From 777, during the reign of Leo IV, conflict between the Byzantine Empire and the Abbasid Caliphate continued annually with invasions and counter-invasions exchanged between the two sides. The successes of Michael Lachanodrakon during an invasion of Abbasid territory led to a series of large-scale military campaigns by the Caliphate over the following years. In 779 an Abbasid campaign into Asia Minor made little gain due to the Byzantines' effective employment of a Fabian strategy. The following year the Abbasids mounted another massive expedition with an army of over 50,000 men, under the command of Harun al-Rashid and Thumama ibn al-Walid, attacking the Armeniakon Theme. They managed to starve the men defending the fortress of Semalouos into surrender after initial Abbasid efforts to storm the location failed, with lenient terms given to the Byzantine garrison. However, this success was mitigated later in the expedition when troops under the command of Michael Lachanadrakon confronted and defeated a raiding Abbasid army under Thumama, which had reached as far as the Thracesian Theme, with Thumama's brother being killed in the fighting.
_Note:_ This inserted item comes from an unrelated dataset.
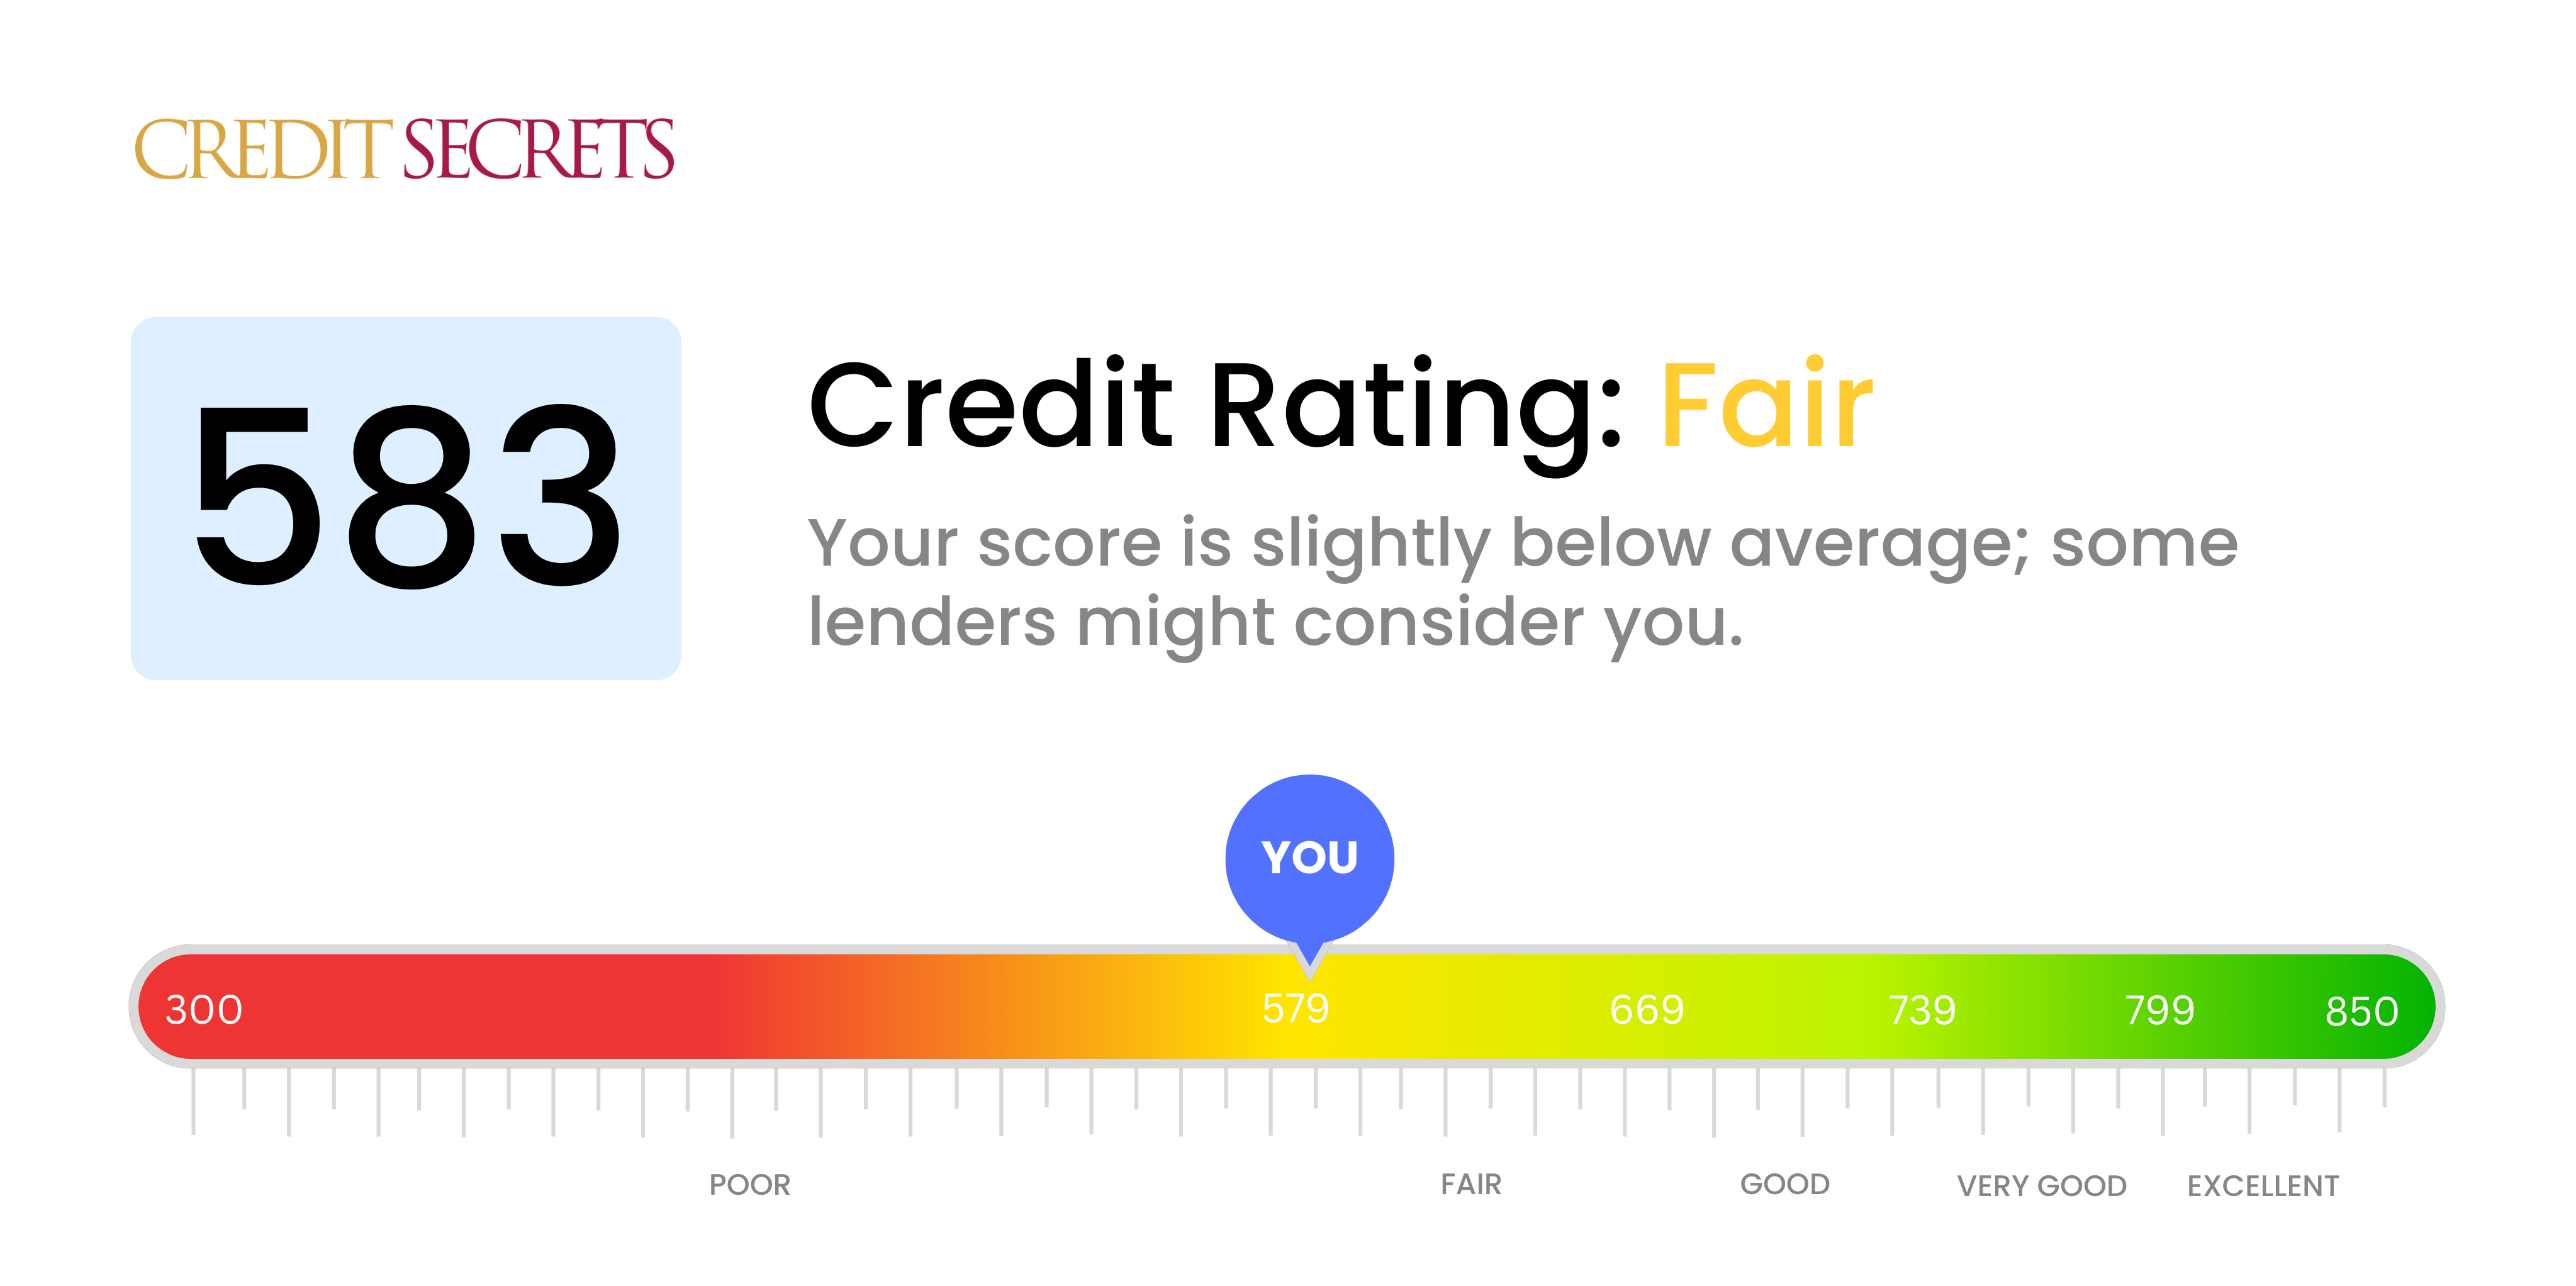 Is 583 a good credit score?

Undaunted by their setbacks, the Abbasids prepared to mount another large expedition in 781. They may have considered the prospects of success greater in this year than previously, due to the political weakening of the Byzantines following the death of Leo IV and the regency of his wife, Irene of Athens, on behalf of his underage son, Constantine VI.

==Campaign and Battle==
In June 781, a massive Arab invasion force of 30,000-50,000 men assembled at Hadath. (Note: The preceding Abbasid expeditions had fielded armies from 30,000 to 50,000 strong, with the campaigning force in 781 also described as being particularly large by Theophanes (Treadgold 1988 p.34 & Howard-Johnston 2015 p.482)) This army, under the command of Abd al-Kabir, crossed the Taurus mountains, through the pass of Adata and deep into Anatolia, where they were confronted by the forces of Michael Lachanodrakon. Theophanes the Confessor recorded that the name of the location at which the two sides met was Melon, which historian Warren Treadgold identified to be a place near the city of Caesarea. (Note: Theophanes serves as the main primary source on the battle. The later Persian historian Al-Tabari omitted mention of a defeat in his writing on the campaign, but described an impromptu Abbasid withdrawal from Anatolia)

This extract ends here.